Naive Text Serialization

## Patient Demographics

- Patient age: 78, FEMALE [...]

## Detailed Past Medical Visits

### Inpatient Visit (14 days to pred. time)

Conditions: Acute posthemorrhagic anemia, pH: 7.25, 7.31 [...]

Medications: furosemide 20 MG, pantoprazole 20 MG [...]

Procedures: Chest x-ray, Electrocardiogram [...]

### ER Visit (87 days before)

Conditions: Benign essential hypertension, Chest pain [...]

Medications: ondansetron, nitroglycerin [...]

Local Rubric

1. Patient Snapshot

27 yo hispanic male. Recurrent cardiology visits for congenital anomaly of coronary artery [...]

2. Main Risk Factors

- Congenital coronary artery anomaly (structural predisposition to ischemia)

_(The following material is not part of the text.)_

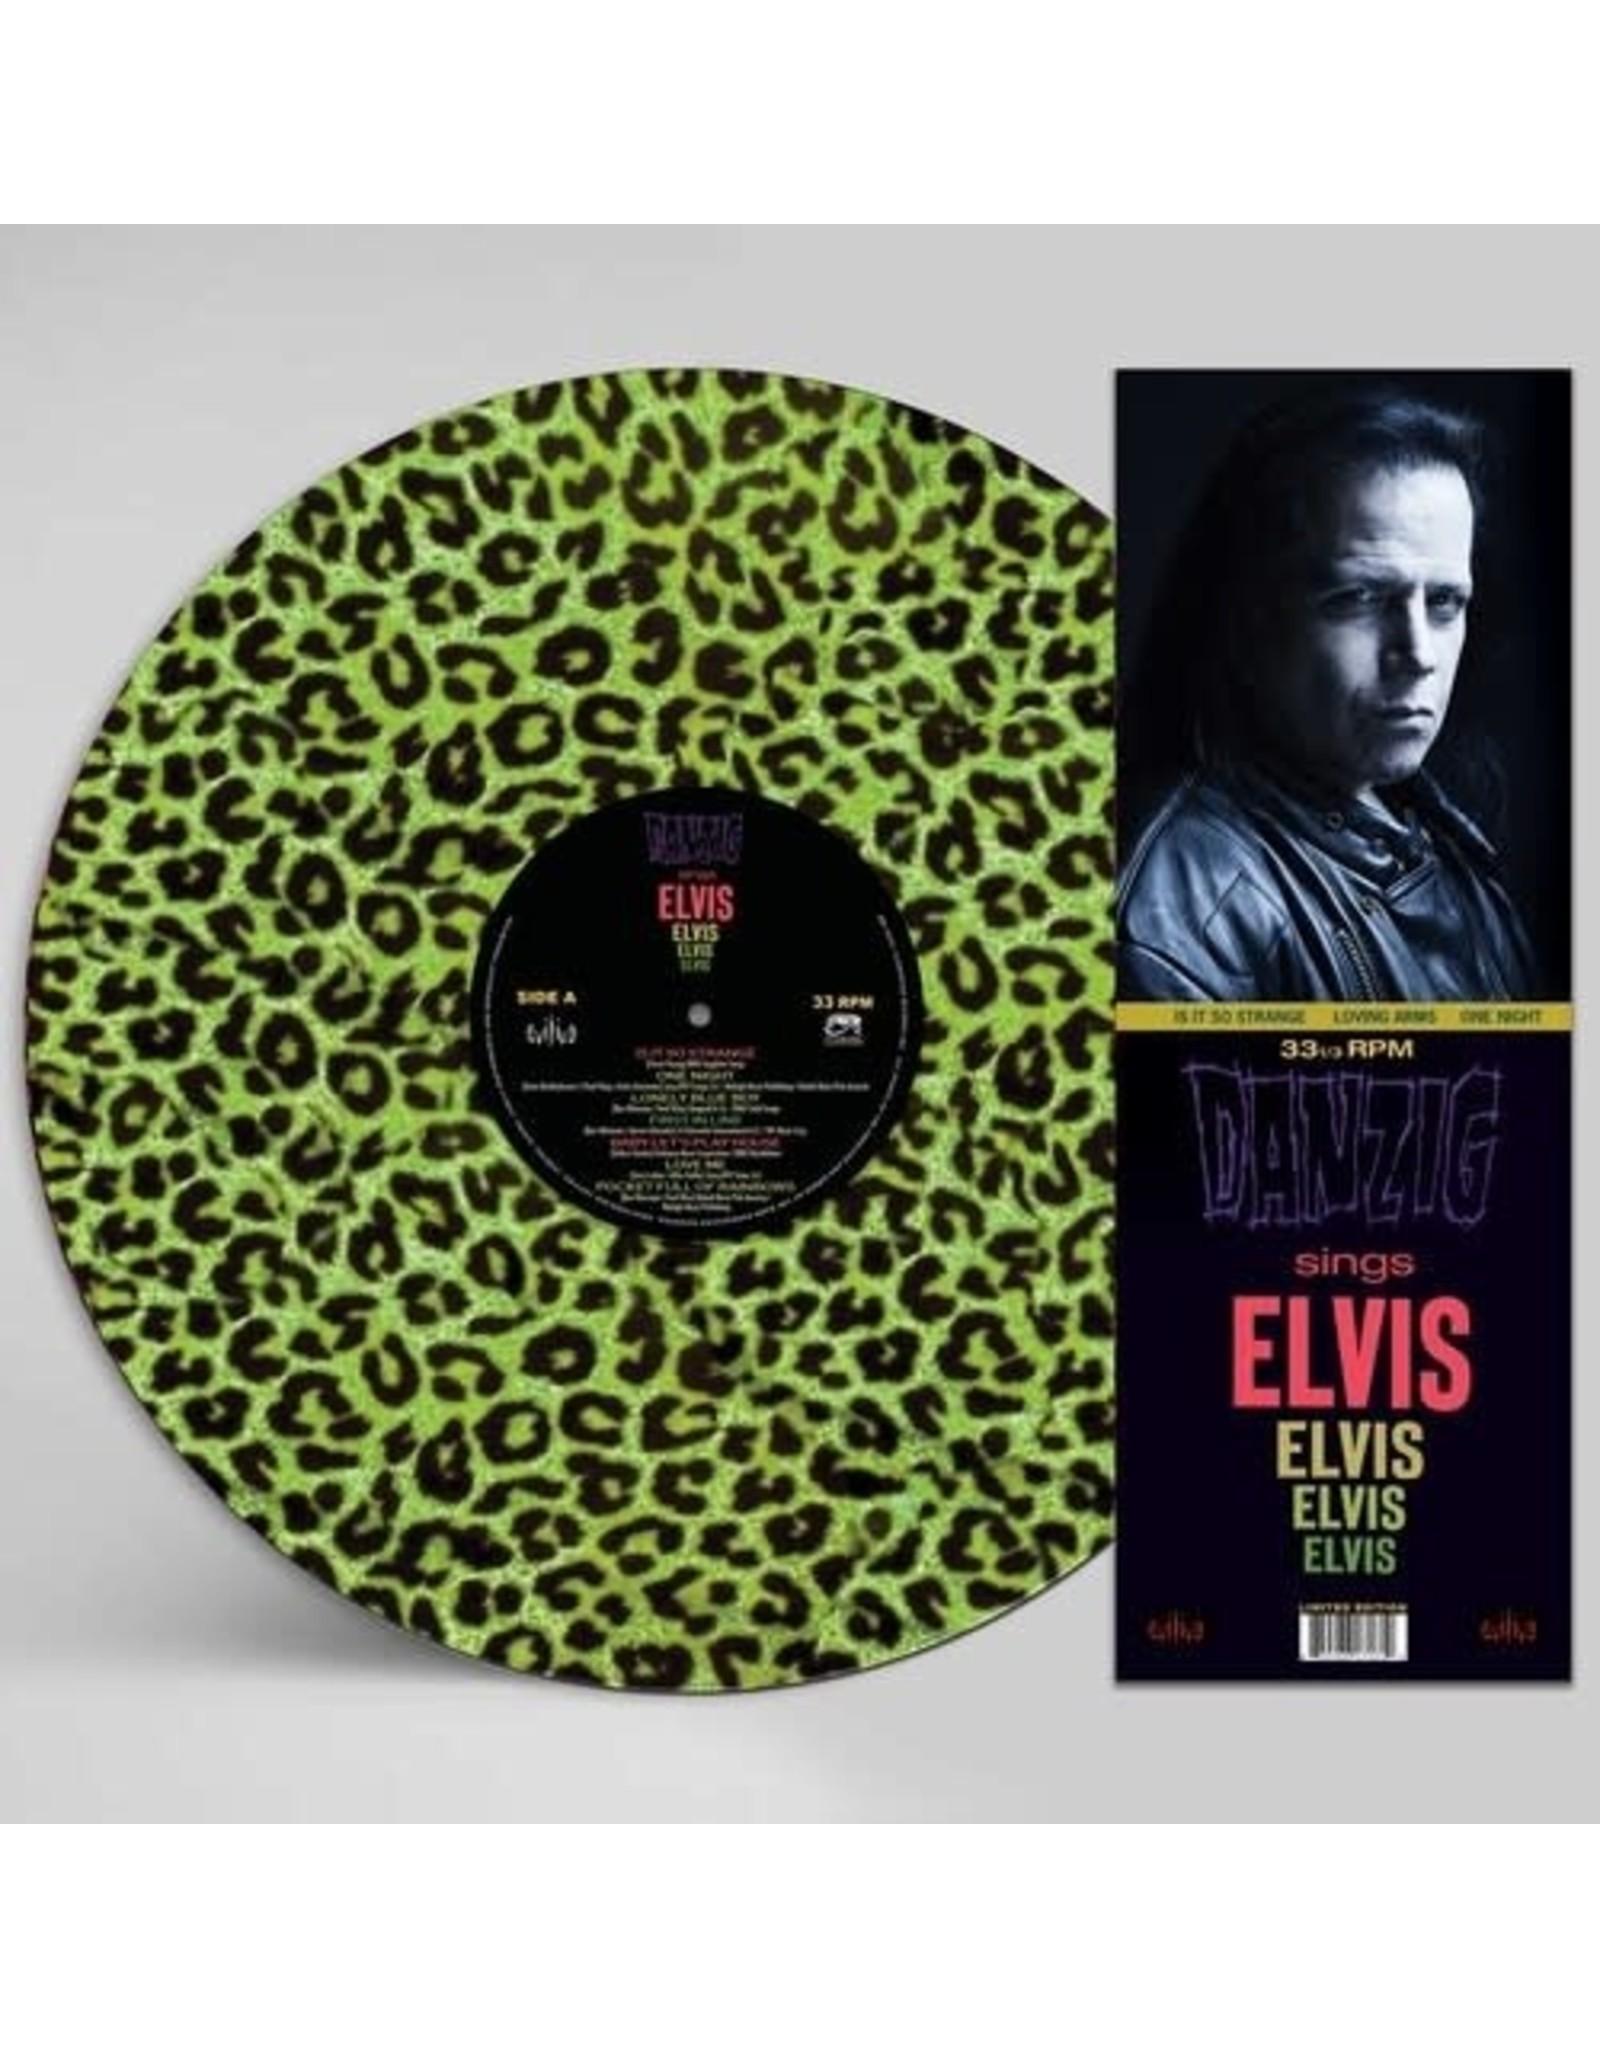 Danzig - Sings Elvis (Green Leopard Print Picture Disc)

- Tobacco exposure (smokeless) [...]

3. Protective Factors

- Young age (27), Normal BMI (21-22)

- No diabetes or renal impairment [...]

6. Overall Risk Impression

Elevated risk of acute MI despite favorable metabolic parameters [...]

Global Rubric

§3. Demographics

55 | FEMALE | [...]

§6. Recent Cardiac Symptoms (last 365d)

- Chest pain/angina: No

- Dyspnea: Yes [...]

§12. Other Relevant Labs

- Creatinine: 1.12 (2023-12-02)

- eGFR: No data [...]

§17. Known Risk Factors

- Diabetes: No, Hyperlipidemia: Yes

- Family hx of premature CAD: Unknown [...]

Results

We evaluate on the EHRSHOT benchmark: 15 clinical prediction tasks across 4 categories with 6,739 patients. Rubric methods are compared against count-feature models, naive text embeddings, zero-shot chain-of-thought prompting, and CLMBR-T, a clinical foundation model pretrained on 2.57M patients.

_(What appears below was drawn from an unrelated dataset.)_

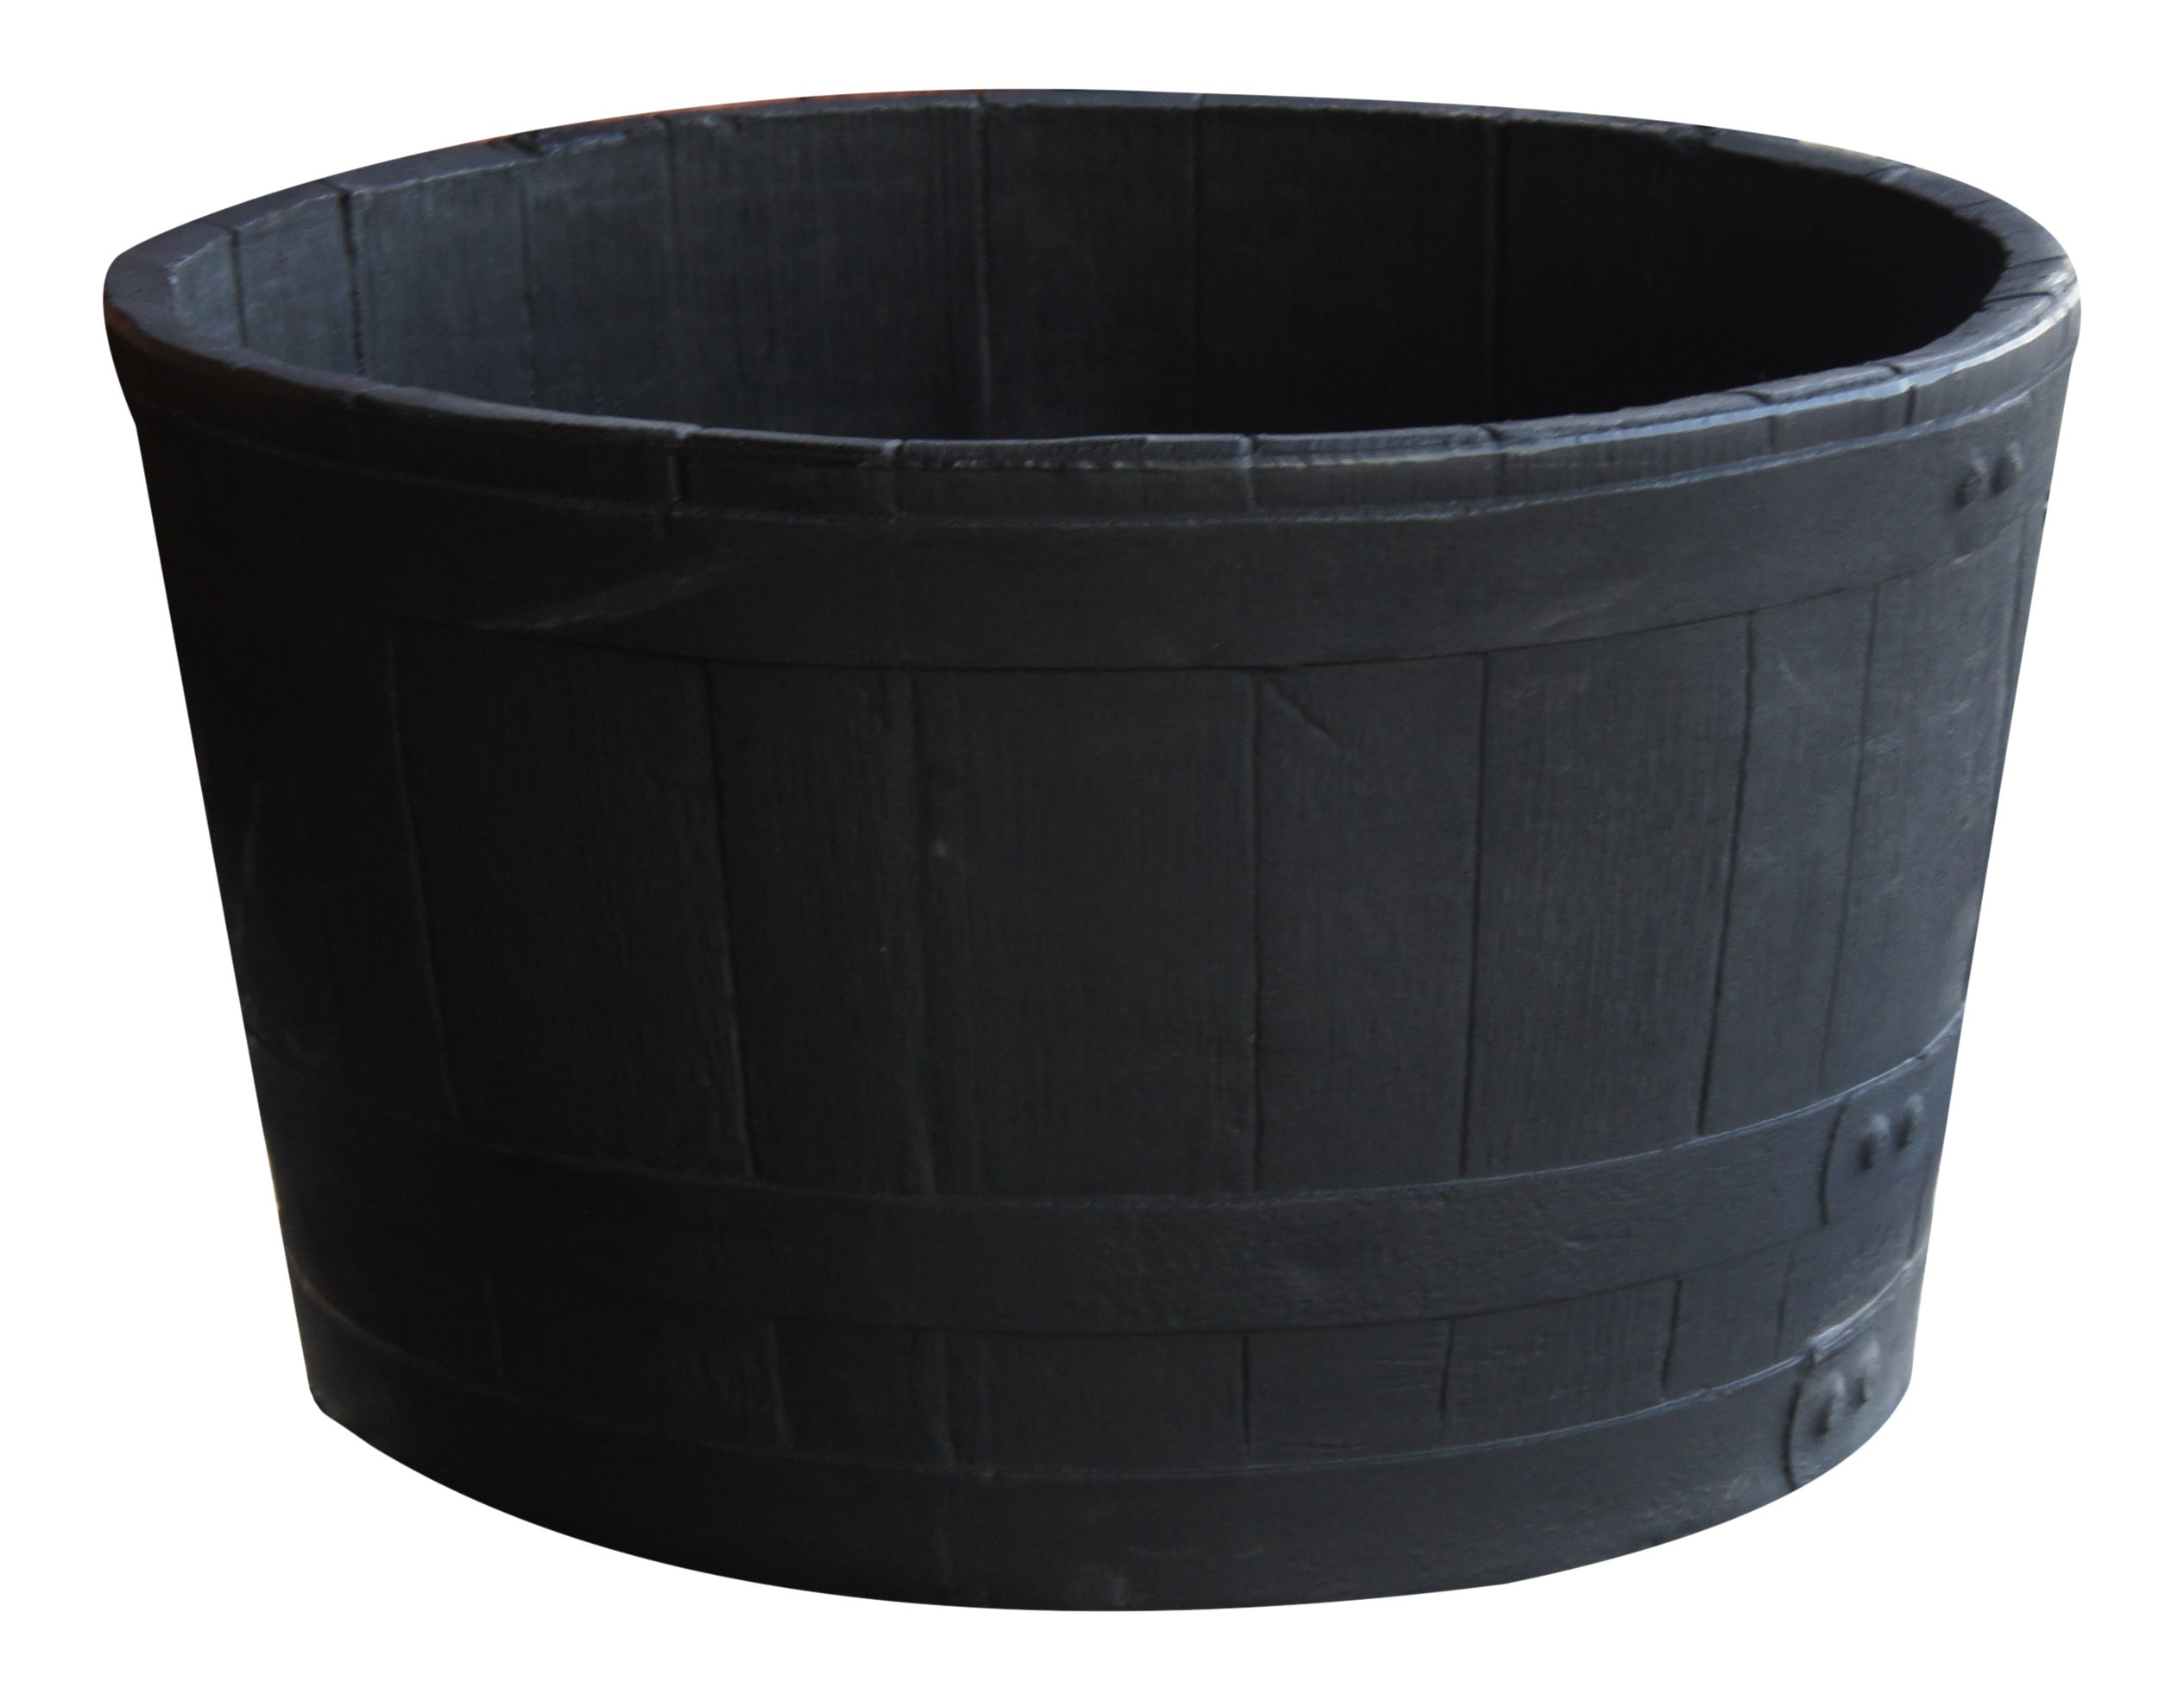 RTS Companies Inc RTS Home Accents 5600-00100F-80-81 Polyethylene Sanded Barrel Planter, Black

Overall Performance (15-task average)

Method AUROC (n=40) AUPRC (n=40) AUROC (n=All) AUPRC (n=All)
Local-Rubric 0.717 0.406 0.772 0.452
Global-Rubric 0.700 0.400 0.763 0.459
Global-Rubric-Auto 0.690 0.382 0.751 0.445
CLMBR-T (2.57M patients) 0.657 0.356 0.727 0.432
NaiveText 0.638 0.343 0.699 0.391
Count-GBM 0.608 0.311 0.679 0.387

Performance by Task Category

Performance breakdown by task category: operational outcomes, new diagnoses, lab results, and chest X-ray findings
Figure 2. Average performance by task group. Rubric methods show the largest gains on new diagnosis prediction and lab result anticipation tasks, while operational outcome tasks remain slightly stronger for CLMBR-T.

Per-Task Breakdown

AUROC for each of the 15 EHRSHOT tasks
Figure 3. AUROC per task (full training data).
AUPRC for each of the 15 EHRSHOT tasks
Figure 4. AUPRC per task (full training data).